Wednesday, January 06, 2016

*Murder, My Sweet Or Is It Murder My Sweet- "Dial M For Murder"-A Film Review

Click on the headline to link to a "YouTube" film clip of the movie trailer for "Dial M For Murder".

DVD Review

Dial M For Murder, directed by Sir Alfred Hitchcock, starring Ray Milland and Grace Kelly, 1956.


At one time the great mystery movie director, Sir Alfred Hitchcock, was one of my favorite directors. Not that I was ever a big fan of the whodunit, “puzzle it out”, Agatha Christie-influenced part of the genre that he tended to use in his film work. I was always more of a Raymond Chandler/ Phillip Marlowe swaggering detective “chasing after windmills” mystery guy. But visually, most of Alfred Hitchcock’s work always left me gasping for breath until the end, even in those productions like the one under review here, “Dial M For Murder", where the murder plot is laid out for you in advance and all you have to do is figure the key to the slip up that will bring the villain low.

The villain in this case is ne’er do well, man about town Ray, Milland who finds out, mistakenly, that his meal ticket trophy wife, Grace Kelly, is in love with another man. Well, to keep the gravy train going the suave Mr. Milland will do anything, literally anything, to keep his status intact. Naturally he decides, smart guy that he is, to commit the perfect murder, the murder of said beautiful wife. And the plot moves on from there, I need not tell more.

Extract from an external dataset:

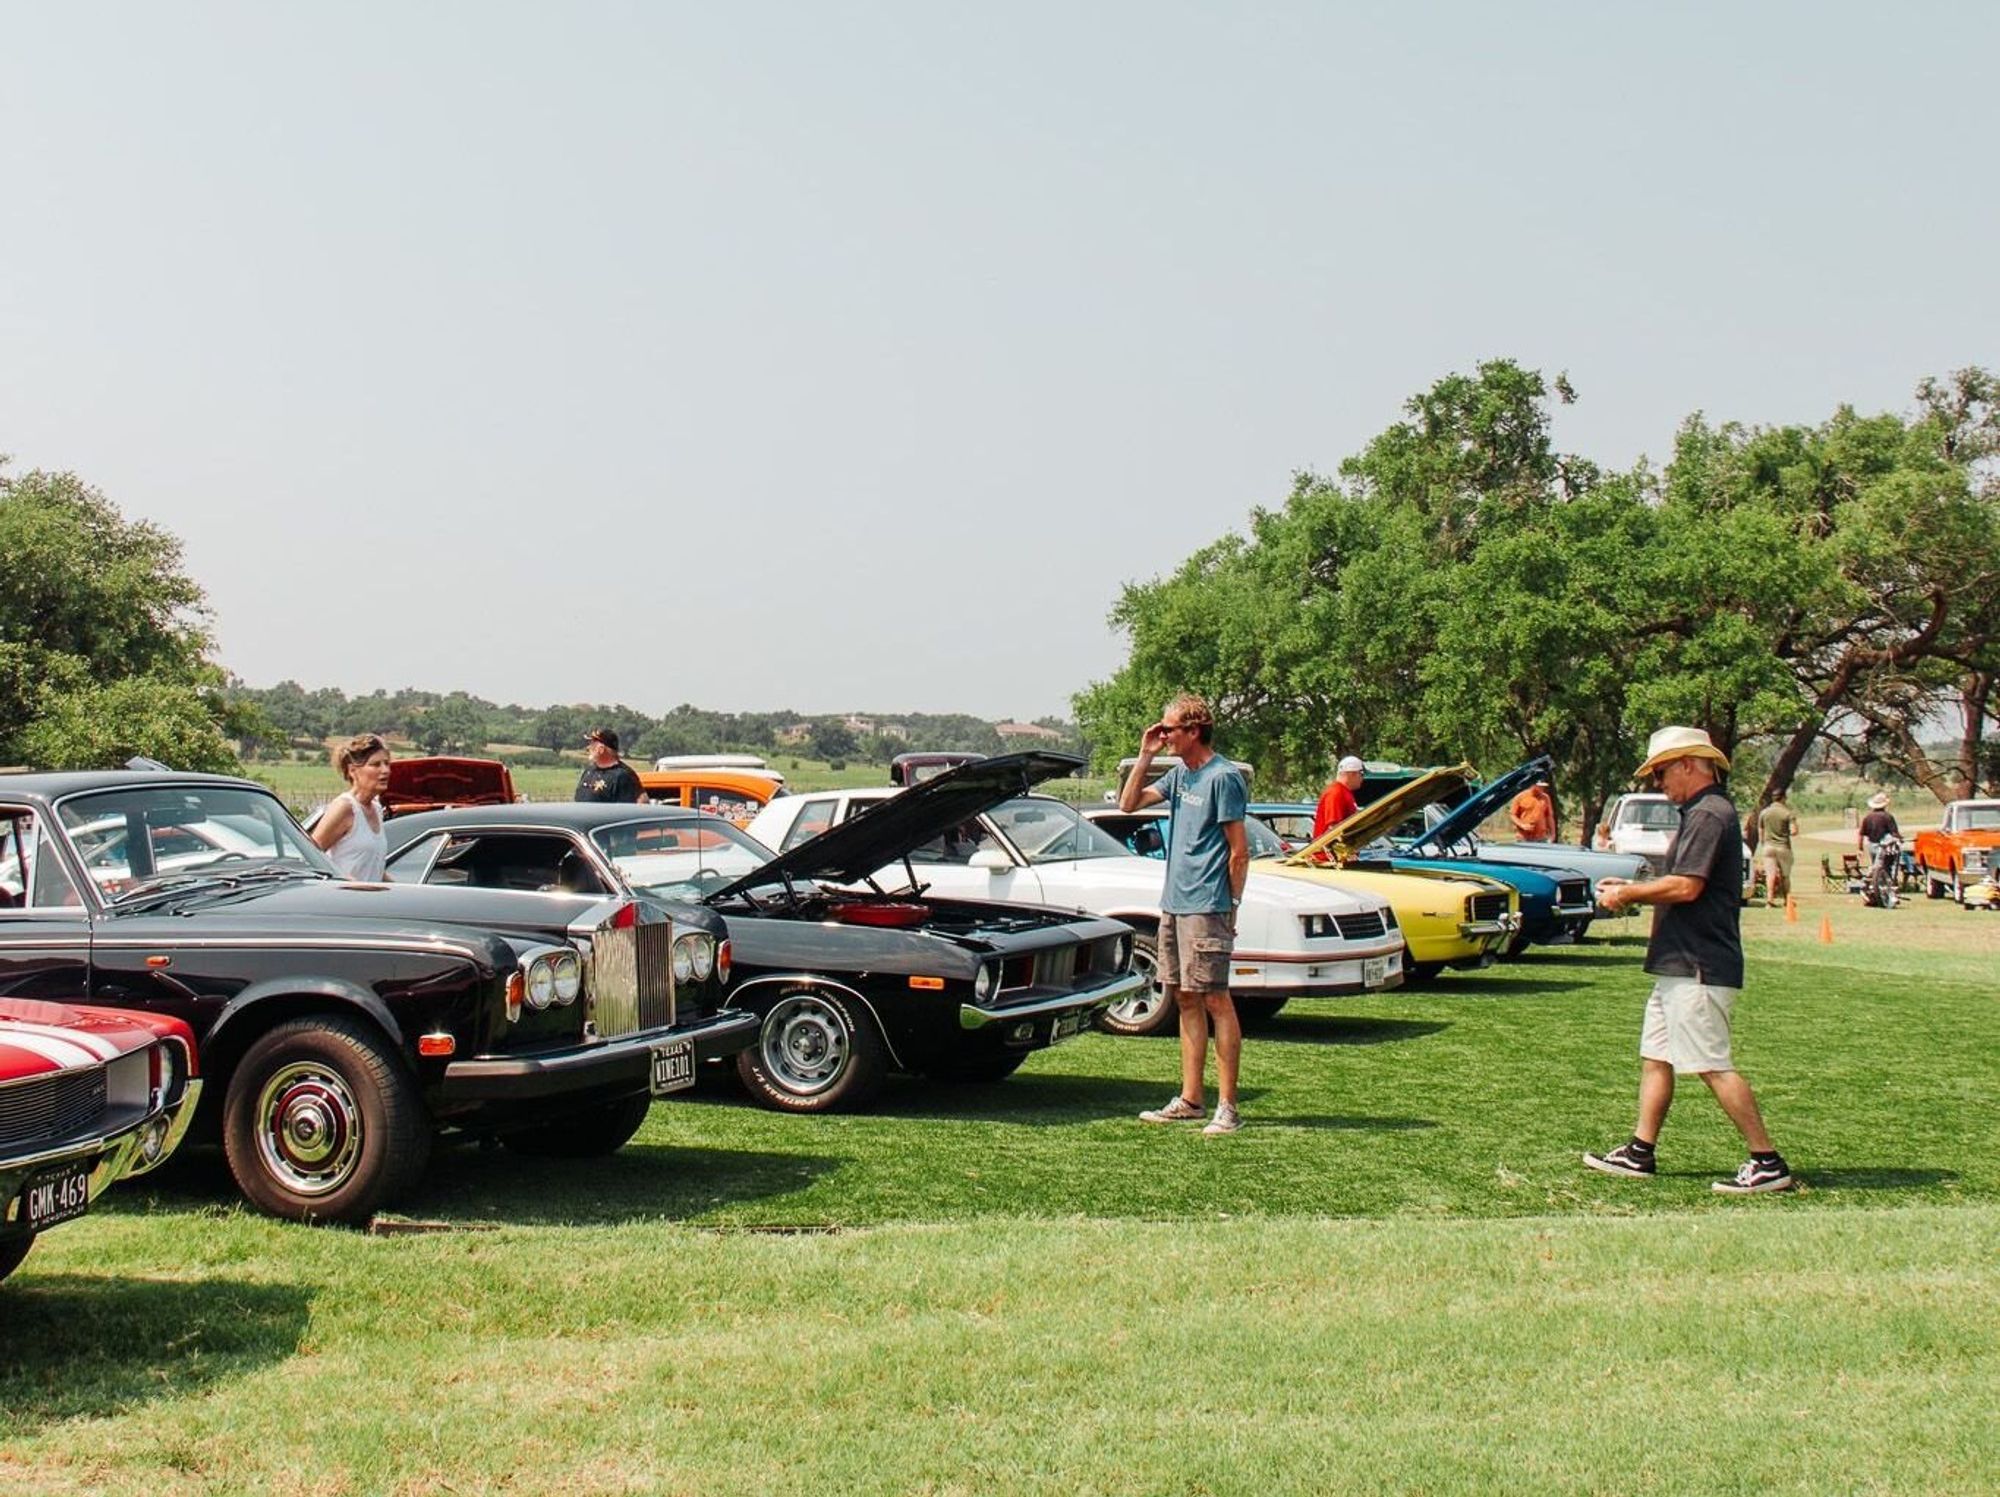 The Vineyard at Florence car show

Except this. Why on this good, green earth would anyone other a stone crazy, craven maniac want to touch even one hair on the lovely Grace Kelly’s head? Whatever benighted justice falls on the head of this villainous sort is too good for them. And that is what this film really boils done to (other that the ordinary, every day propositions that “crime does not pay” and that there are no “perfect” crimes) for me. Now in this film Grace Kelly is not as fetching as in other Hitchcock vehicles like “Rear Window” and “To Catch A Thief” but I will not quibble over her stage presence on this one. I would just note here, as I have in reviewing other works in which Ms. Kelly starred, that according to the gossip her real life husband, Prince Rainer, a man not given to open displays of sentiment, wept openly at her death. And now I know why.